# [Task description]
Please transcribe, exactly and only, the lines of the records below from the one holding "Lineart Naruto : Naruto" to the very end.
*** Records for this task Section Begins ***
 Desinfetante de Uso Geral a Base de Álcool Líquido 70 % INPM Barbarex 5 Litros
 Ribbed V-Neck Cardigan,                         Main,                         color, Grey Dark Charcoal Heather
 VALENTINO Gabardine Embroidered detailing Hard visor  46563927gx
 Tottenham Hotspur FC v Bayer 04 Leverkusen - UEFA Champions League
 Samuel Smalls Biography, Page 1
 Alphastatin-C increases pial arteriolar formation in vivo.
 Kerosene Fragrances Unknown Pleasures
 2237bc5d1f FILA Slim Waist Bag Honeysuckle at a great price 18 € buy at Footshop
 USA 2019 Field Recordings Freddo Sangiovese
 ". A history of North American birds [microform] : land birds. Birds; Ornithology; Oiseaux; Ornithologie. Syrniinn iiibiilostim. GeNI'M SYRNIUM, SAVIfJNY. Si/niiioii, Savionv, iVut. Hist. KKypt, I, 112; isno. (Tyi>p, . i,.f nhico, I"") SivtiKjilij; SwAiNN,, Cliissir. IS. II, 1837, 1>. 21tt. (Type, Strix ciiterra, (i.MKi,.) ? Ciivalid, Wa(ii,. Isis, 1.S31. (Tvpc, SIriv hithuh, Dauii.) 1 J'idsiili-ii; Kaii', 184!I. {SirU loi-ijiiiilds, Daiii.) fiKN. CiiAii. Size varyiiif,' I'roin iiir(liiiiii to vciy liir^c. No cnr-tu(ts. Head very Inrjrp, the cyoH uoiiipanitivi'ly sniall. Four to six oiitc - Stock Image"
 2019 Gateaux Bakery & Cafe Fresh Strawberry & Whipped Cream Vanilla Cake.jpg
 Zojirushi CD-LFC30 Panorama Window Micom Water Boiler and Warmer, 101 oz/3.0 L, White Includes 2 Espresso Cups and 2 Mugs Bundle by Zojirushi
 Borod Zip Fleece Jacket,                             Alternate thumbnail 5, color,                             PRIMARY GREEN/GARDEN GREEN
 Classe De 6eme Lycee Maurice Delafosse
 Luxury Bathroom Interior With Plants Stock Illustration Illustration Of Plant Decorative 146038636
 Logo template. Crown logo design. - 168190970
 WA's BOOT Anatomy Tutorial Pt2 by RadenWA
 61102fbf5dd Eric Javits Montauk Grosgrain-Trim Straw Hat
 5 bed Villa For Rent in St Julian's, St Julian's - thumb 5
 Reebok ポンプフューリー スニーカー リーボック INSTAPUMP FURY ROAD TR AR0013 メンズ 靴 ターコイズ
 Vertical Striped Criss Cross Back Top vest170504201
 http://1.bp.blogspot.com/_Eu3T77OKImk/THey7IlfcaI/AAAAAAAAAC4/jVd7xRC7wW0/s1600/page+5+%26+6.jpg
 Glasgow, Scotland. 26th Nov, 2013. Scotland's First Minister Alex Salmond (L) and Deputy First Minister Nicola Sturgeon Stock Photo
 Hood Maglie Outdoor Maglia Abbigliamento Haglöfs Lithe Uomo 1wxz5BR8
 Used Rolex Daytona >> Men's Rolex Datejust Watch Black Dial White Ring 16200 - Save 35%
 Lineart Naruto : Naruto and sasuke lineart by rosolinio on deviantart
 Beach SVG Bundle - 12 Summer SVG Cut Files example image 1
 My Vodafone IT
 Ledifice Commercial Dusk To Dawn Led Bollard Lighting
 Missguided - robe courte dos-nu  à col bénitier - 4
*** Records for this task Section Ends ***
# [Your solution]
 Lineart Naruto : Naruto and sasuke lineart by rosolinio on deviantart
 Beach SVG Bundle - 12 Summer SVG Cut Files example image 1
 My Vodafone IT
 Ledifice Commercial Dusk To Dawn Led Bollard Lighting
 Missguided - robe courte dos-nu  à col bénitier - 4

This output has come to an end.